Algo apretujados, nos acomodamos en los camarotes de las galeras, mientras los visitantes se atan sin rechistar las cadenas a los tobillos y las muñecas, se quitan las camisetas, espolvorean talco en las palmas de sus manos, y se disponen a remar rumbo a la ciudad inmortal.

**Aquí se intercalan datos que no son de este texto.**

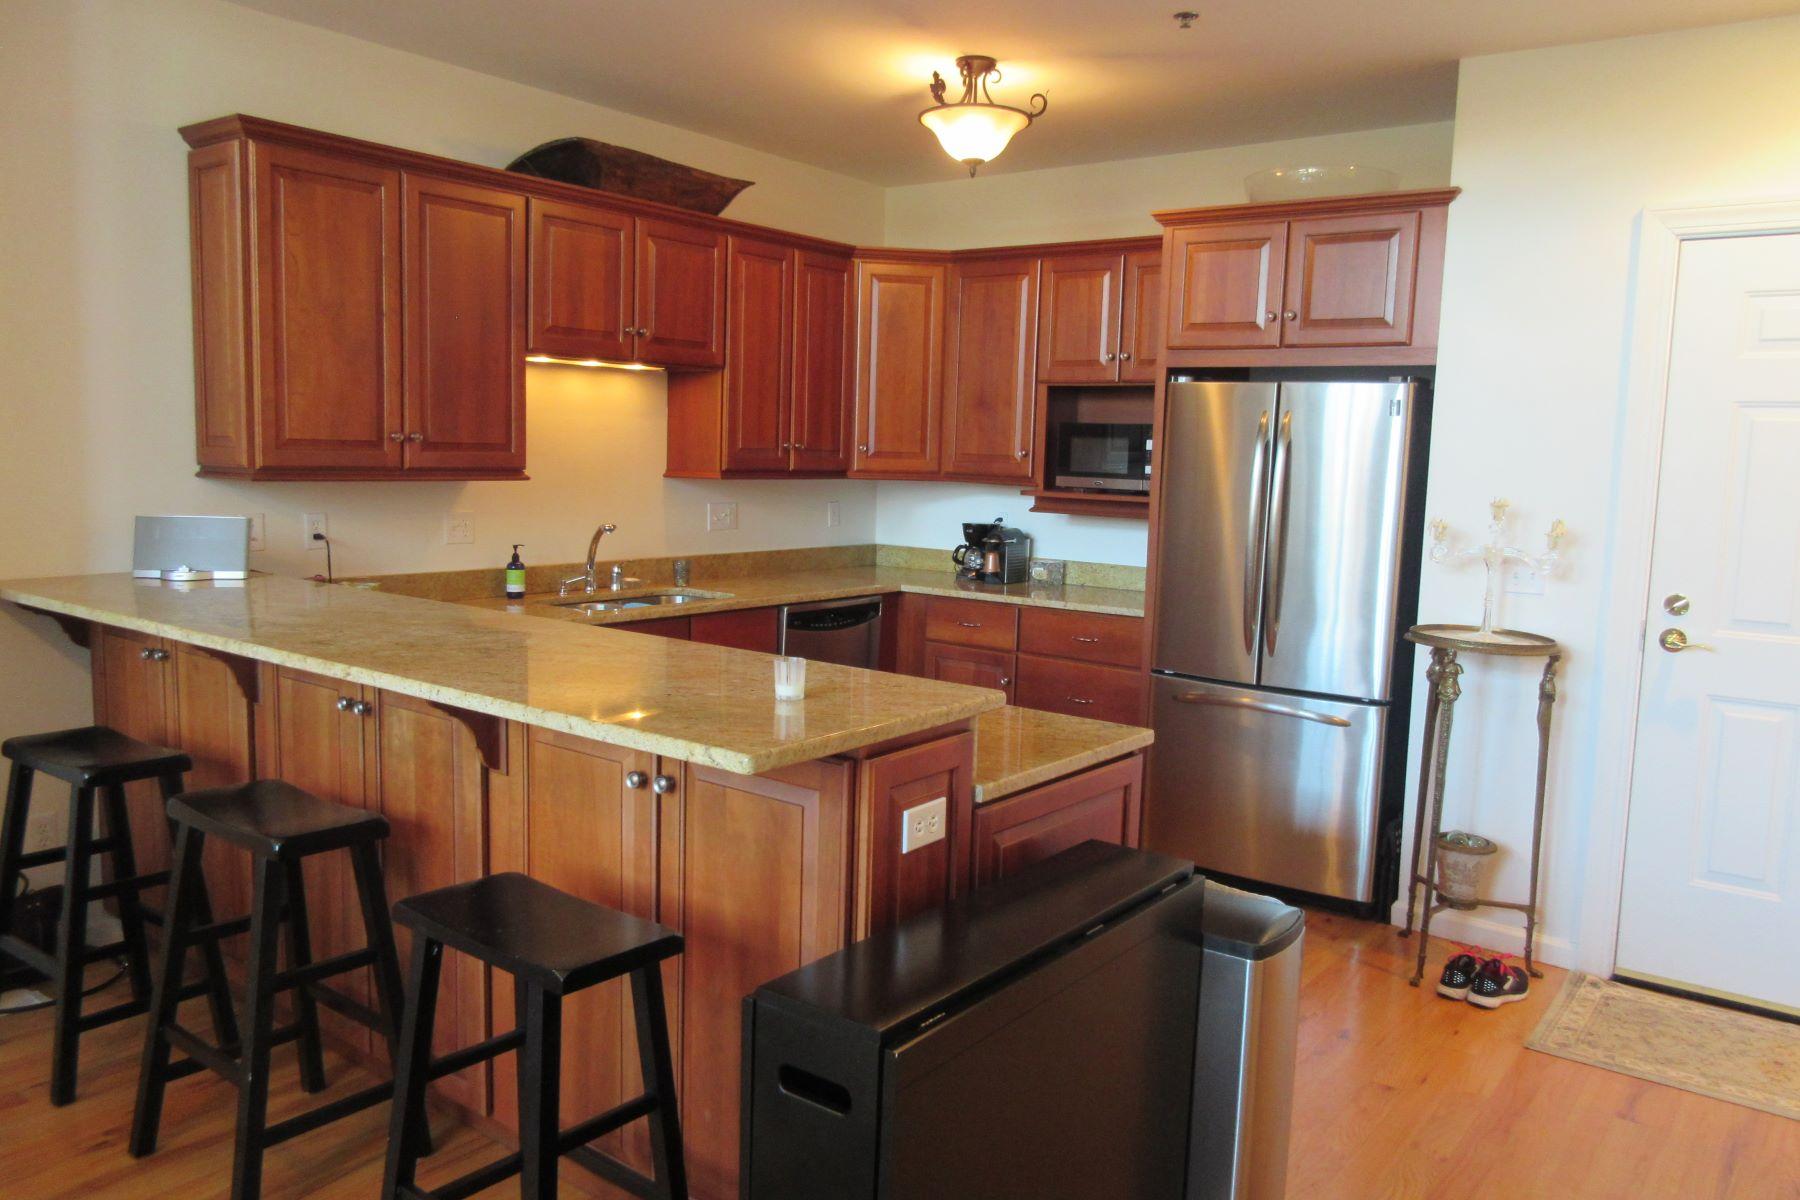 Condominiums για την Πώληση στο 1 Indian Neck Avenue 6, Branford, Κονεκτικατ 06405 Ηνωμένες Πολιτείες

El trayecto es dificultoso, por supuesto. Una o dos tormentas dan de tumbos a los barcos, zarandeándolos, y llevándolos a la deriva. Pero la peor de las dificultades nos espera al llegar a la costa aragonesa. Varios barcos pirata, con calavera cruzada por tibias en banderas negras, nos esperan en uno de los recodos que forman los riscos de la bahía.

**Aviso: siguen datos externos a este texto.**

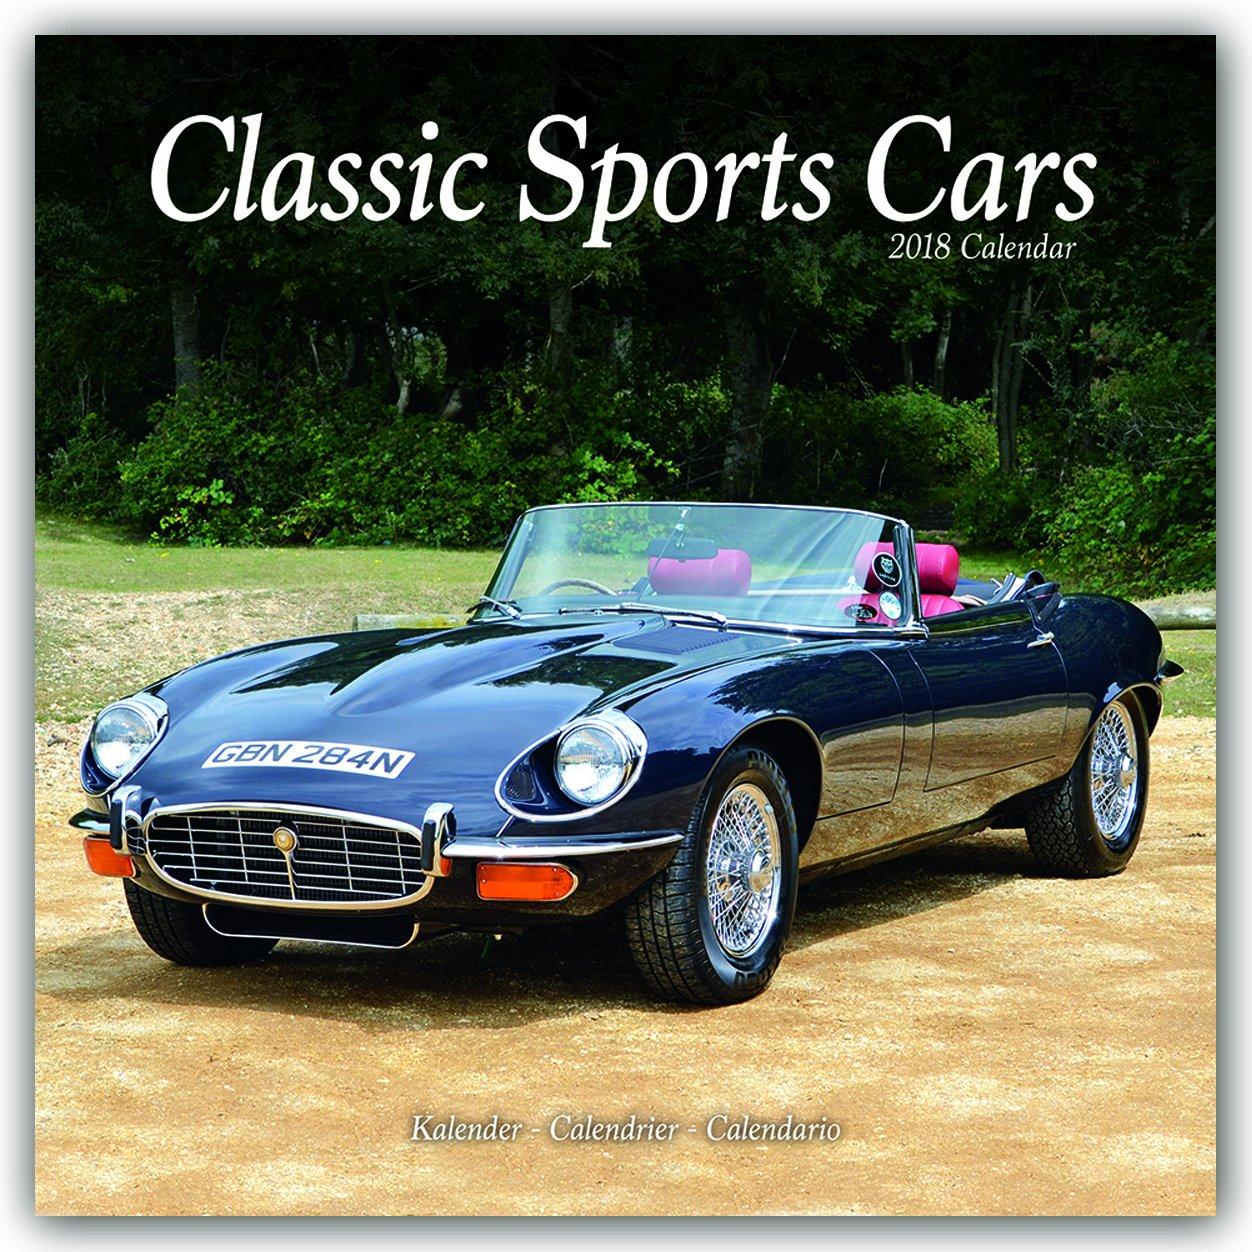 Sports Cars Calendar Classic Sports Cars Calendar Calendars - Sports cars calendar 2018

–¡Es una emboscada!– grita el vigía, todavía vestido de árbitro.
El asalto es a muerte. Luis ordena al contramaestre que libere de sus cadenas a los hinchas. La lucha sin cuartel se lleva a millares de muertos y heridos por delante. Es una carnicería, cruel y sangrienta. La piedad nos la hemos dejado en los camarotes. Aun así, ellos son asaltantes profesionales, y nosotros, aunque valientes, nunca hemos utilizado espadas, cuchillos y pistolones más de lo necesario. O sea, nunca. Sus galeotes están provistos de poderosos cañones que hunden nuestras carabelas, como si fueran de papel maché.

Barcelona se quedará sin recuerdo de la masacre de las Américas. ¡Que se chinguen! ¿Desde cuándo mitifico genocidios? ¿Y el Real Zaragoza?, esto lo siento un poco más por Luis, David y El Carnes, y alguno que otro aficionado que conozco, tendrán que buscarse la vida para próximos partidos.
La batalla continúa en las arenas de la playa, cuerpo a cuerpo. Algunos cuellos rebanados, algunos vientres agujereados, vomitando vísceras y corazones que todavía laten, flotando sobre las olas. Sus trabucos nos atraviesan despiadadamente. Una bala de cañón me ha volado una oreja (¿reminiscencias de Van Gogh?), y me falta algún dedo, pero es de la mano izquierda, y aún puedo pelear. Instintivamente retrocedemos intentando salir de la bahía a nado. Es nuestra única escapatoria. Los piratas se quedan en la orilla, sabiéndonos rodeados. O ellos, o la inanición, la sed, los tiburones, el agotamiento... alejándonos cada vez más, me subo a uno de los laterales de una de las galeras que, a modo de barcaza de náufrago, flota en la superficie. En pie, arengo a los supervivientes:
–¡Vayamos mar adentro!, no dejemos que esas alimañas acaben con nosotros, no permitamos que descuarticen nuestros cuerpos, albergue de nuestras almas inmortales. En la mar moriremos como los capitanes intrépidos. Allí donde nace toda la vida, allí donde quedó sepultada la Atlántida, la más grande y antigua de las civilizaciones. ¿Quién me sigue?Uno a uno, brazo a brazo, poco a poco, los supervivientes apoyan mi propuesta.